Anyway later I woke up to them screwing which was very unpleasant as it's just a hotel room, two queen beds, a small bathroom, and nothing else. And then later that night I woke up to him pissing in all my notes I had just organised. I had to wrestle him away because he kept on saying "Dude, just let me finish my ****". Man was I pissed, all my notes from the school year, ****ing ruined.

His girlfriend finally pulled him out of the room, (both naked btw) and got him to her room.

He gave me $50 bucks the next day, I really didn't know what to do. I don't beat the **** out of people but man... Sigh. Anyway what can you do.

That's my roomate story! heh, enjoy..


----------



## crazyg (Jun 18, 2005)

saint liebowitz said:


> Well I was living in the tenderloin district of San Francisco (think homeless people, crack pipes, hookers, vietnamese food, and the smell of urine - Ahhhh, home...).
> 
> My roomate and I were both going to the California Culinary Academy and he was a drug dealer, not actually a huge problem becuase our room was the "safe" room. Like we didn't even have eachother's cell phone numbers just in case something bad happened... heh, opposite of most roomates I know.
> 
> ...


My god... How did you find this roommate? Was this a dorm type situation? This is crazy stuff. For some weird reason, it reminds me of Fight Club. I guess it's just the idea of living in a creepy place and being surrounded by weird people. Crazy.


----------



## saint liebowitz (Apr 17, 2004)

hey first rule about fight club...

Actually yeah it was a dorm situation, they don't really have dorms in the heart of san francisco so you get to stay in these lovely old hotels. I had no choice over my roomate except that they asked me if I wanted to live with someone my own age or like 37. So I picked the one my own age....

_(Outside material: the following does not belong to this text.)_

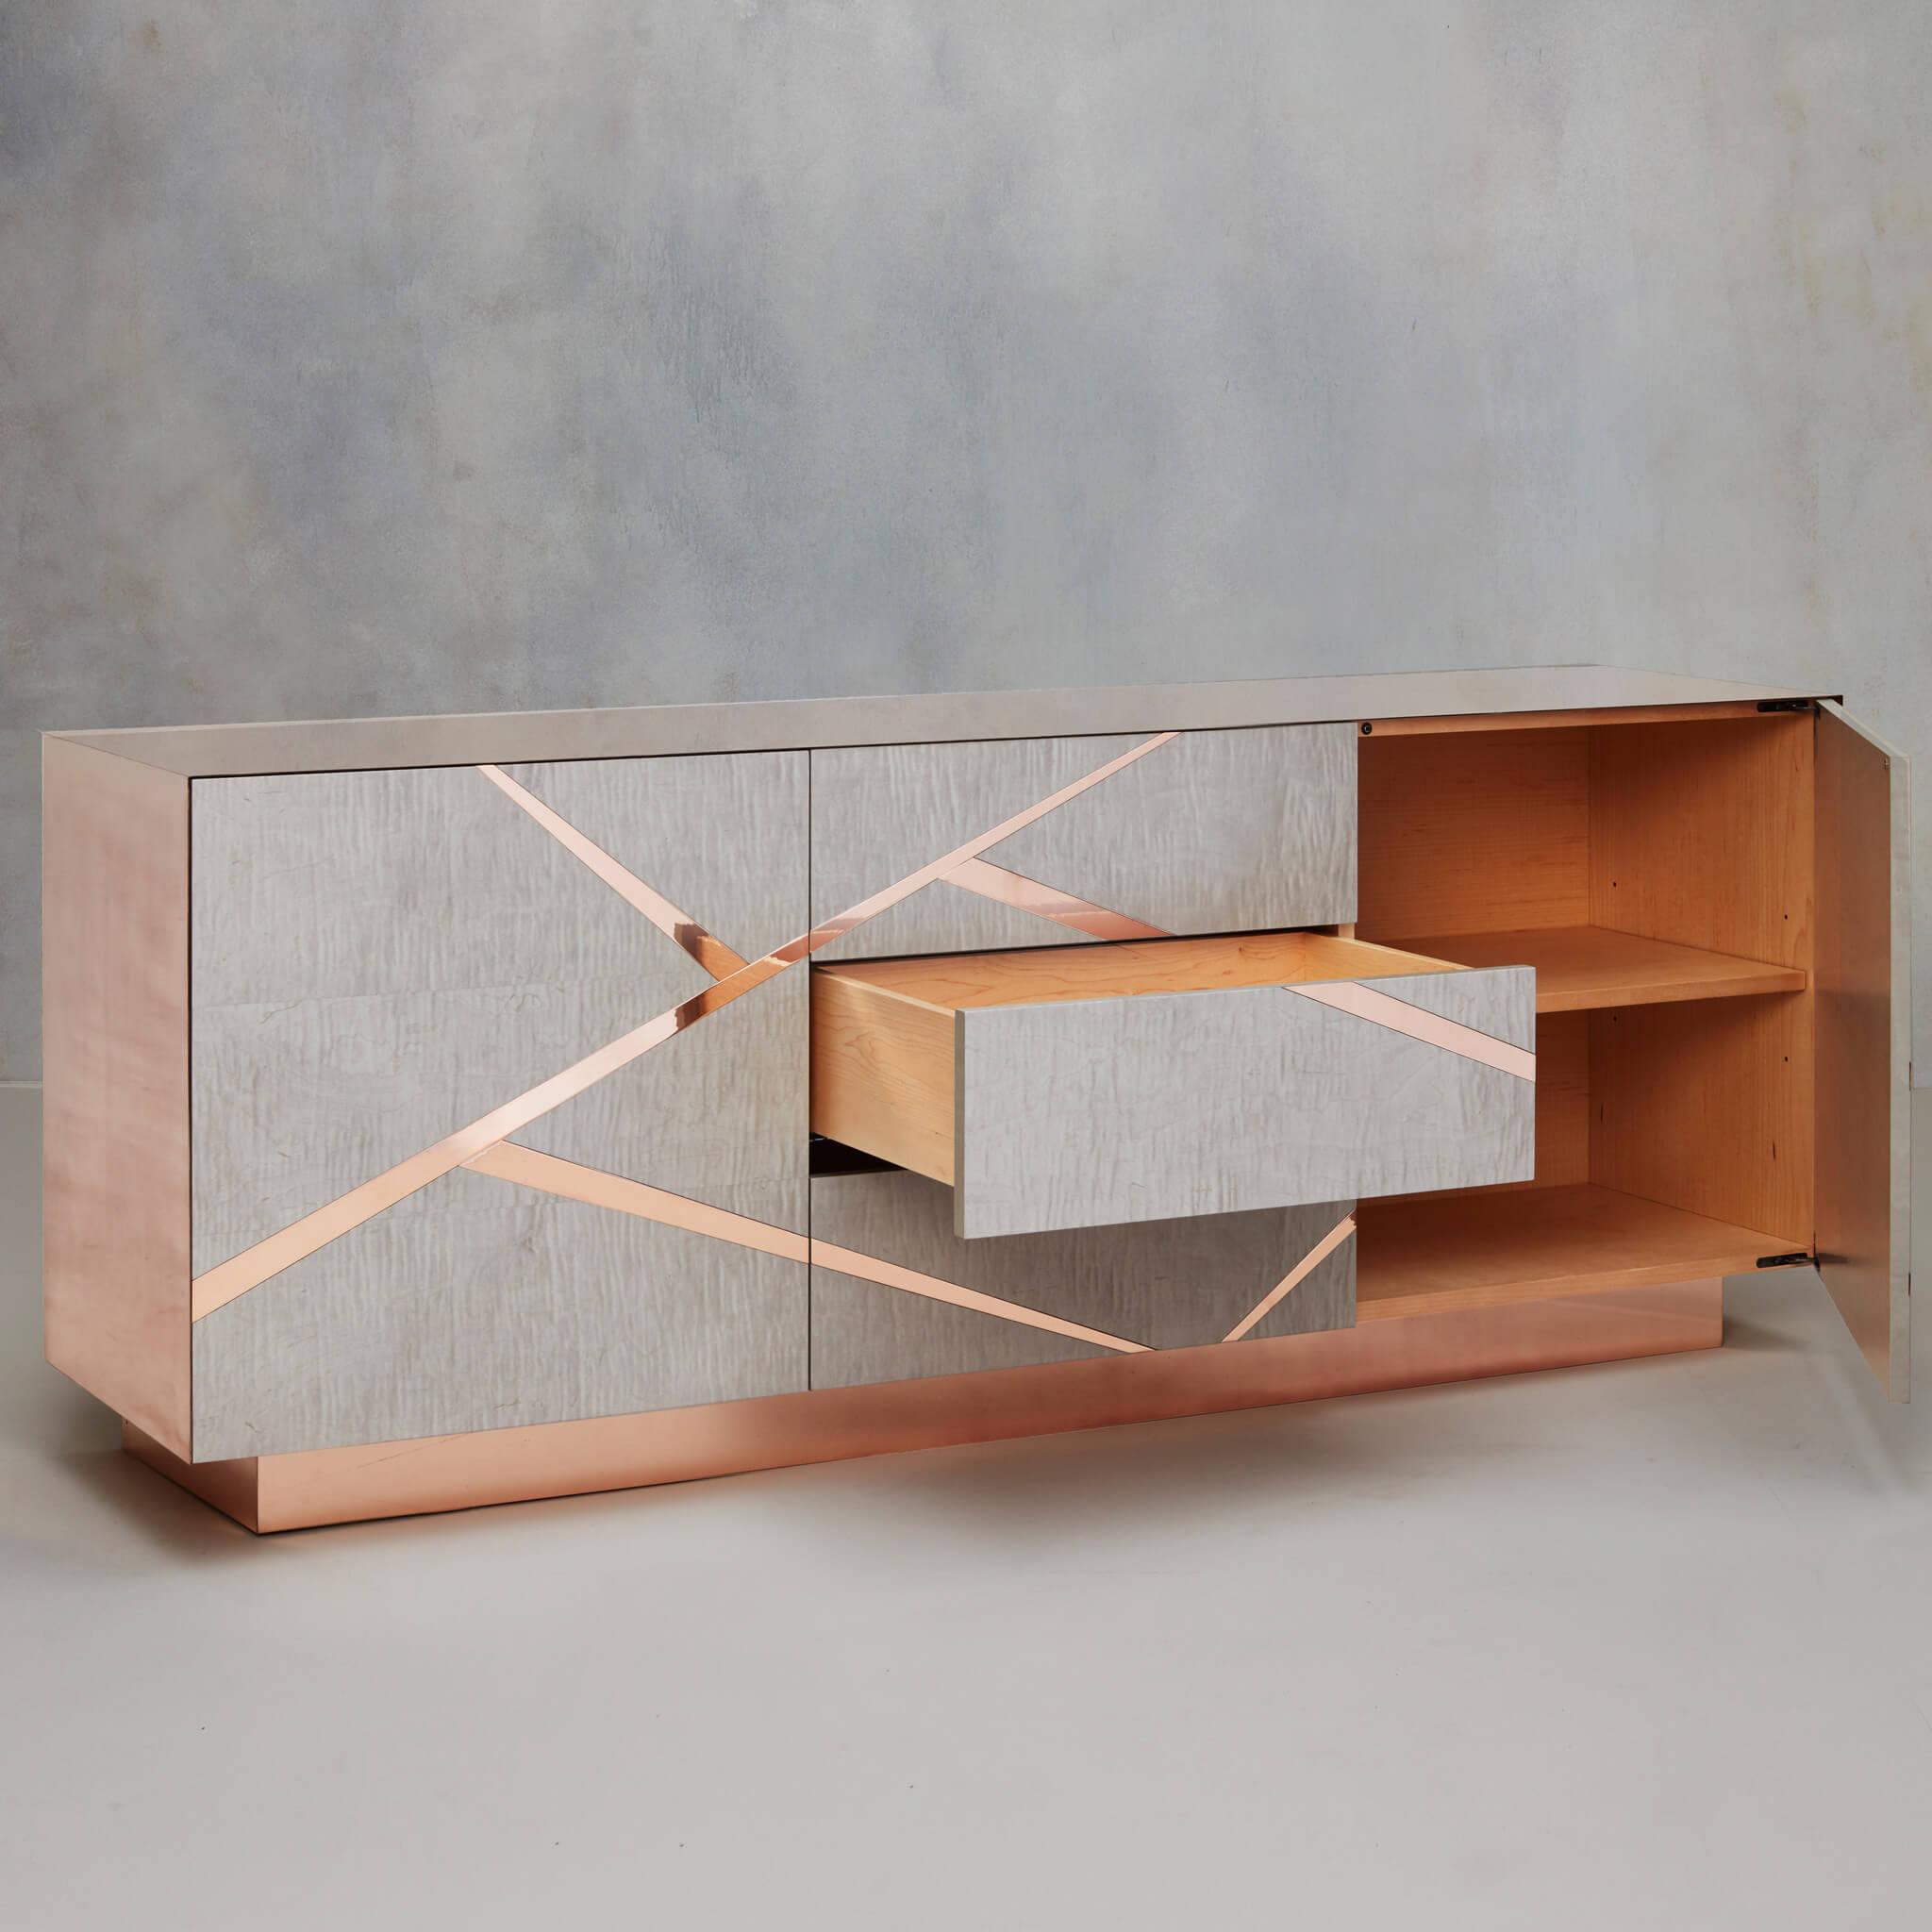 Odessa cabinet by Tom Faulkner

Anyway, all that bad stuff didn't happen till our last month there so I just stayed. And yeah, it was wierd, kinda fun too though.


----------



## moss84 (Jul 26, 2004)

I know crazyg that so sounds like some fight club stuff!!!


----------



## nomad10101 (Feb 14, 2006)

actually, ive been through a million roommates, and all of them (but one) were great.... im very anxious amd shy but they all tried to befriend me and it always worked. We'd play xbox, bug out, and etcetera. They had a few parties, but no one entered my room nless I wanted them to. I usually didn't mind... its odd when i think of it that living in a 2 bedroom with 3 other guys turned out so well even though i went through like 8 of them: either transfers, graduations, dropouts, etc... 

that just shows you that if youre optimistic, courageous at least to the extent that you demand respect, things could go well for you! and if they don't -- read machiavelli and use your imagination...


----------



## KatlinT (Nov 10, 2003)

Actually I have more a problem with the neighbors than my roommates, they blast their music soooo loud that my room shakes and vibrates. You can feel and hear it even though they live below me. They are constantly playing but I don't know how to intervene because I don't even know them. I've never talked to them before and I don't think they have any idea how loud their music sounds from up here. sooo annoying. blah. I'm way too scared to knock on their door. I wish I could think of a solution.


----------



## Argo (May 1, 2005)

KatlinT said:


> Actually I have more a problem with the neighbors than my roommates, they blast their music soooo loud that my room shakes and vibrates. You can feel and hear it even though they live below me. They are constantly playing but I don't know how to intervene because I don't even know them. I've never talked to them before and I don't think they have any idea how loud their music sounds from up here. sooo annoying. blah. I'm way too scared to knock on their door. I wish I could think of a solution.


Place a note under their door that says, "Hello --- I live on the floor above you. I must tell you that the music you play is very loud and disruptive up here. It is so loud that my room actually shakes and vibrates whenever you play it. Though I'm sure you don't realize it, it has become an exteme nuisance which is affecting my (work, sleep, studying) [include everything which applies]. If you could reduce the volume so my room is no longer affected nor my peace disturbed I would greatly appreciate it. Thank you."

If that has no effect, tell the manager.


----------



## Farren (Jan 5, 2006)

KatlinT said:


> Actually I have more a problem with the neighbors than my roommates, they blast their music soooo loud that my room shakes and vibrates. You can feel and hear it even though they live below me. They are constantly playing but I don't know how to intervene because I don't even know them. I've never talked to them before and I don't think they have any idea how loud their music sounds from up here. sooo annoying. blah. I'm way too scared to knock on their door. I wish I could think of a solution.


I used to live in a middle floor apartment...we had the same exact problem with the upstairs neighbors. A few good, hard pokes at the ceiling with a broom stick will usually get the hint across. If not, go upstairs in a robe looking as tired, pissed and scary as possible, and request face to face that they turn it off.


----------



## depressedavoidant (Dec 31, 2004)

Ah, I live on the Penthouse floor!

Although when it got real cold a few nights, some of the equipment on the roof vibrated enough to bother me.

I previously lived on a non-top floor and it seemed that my upstairs neighbors would be dropping marbles all day or hammering into the wall. 

That sucked.

I have sensitive hearing.


----------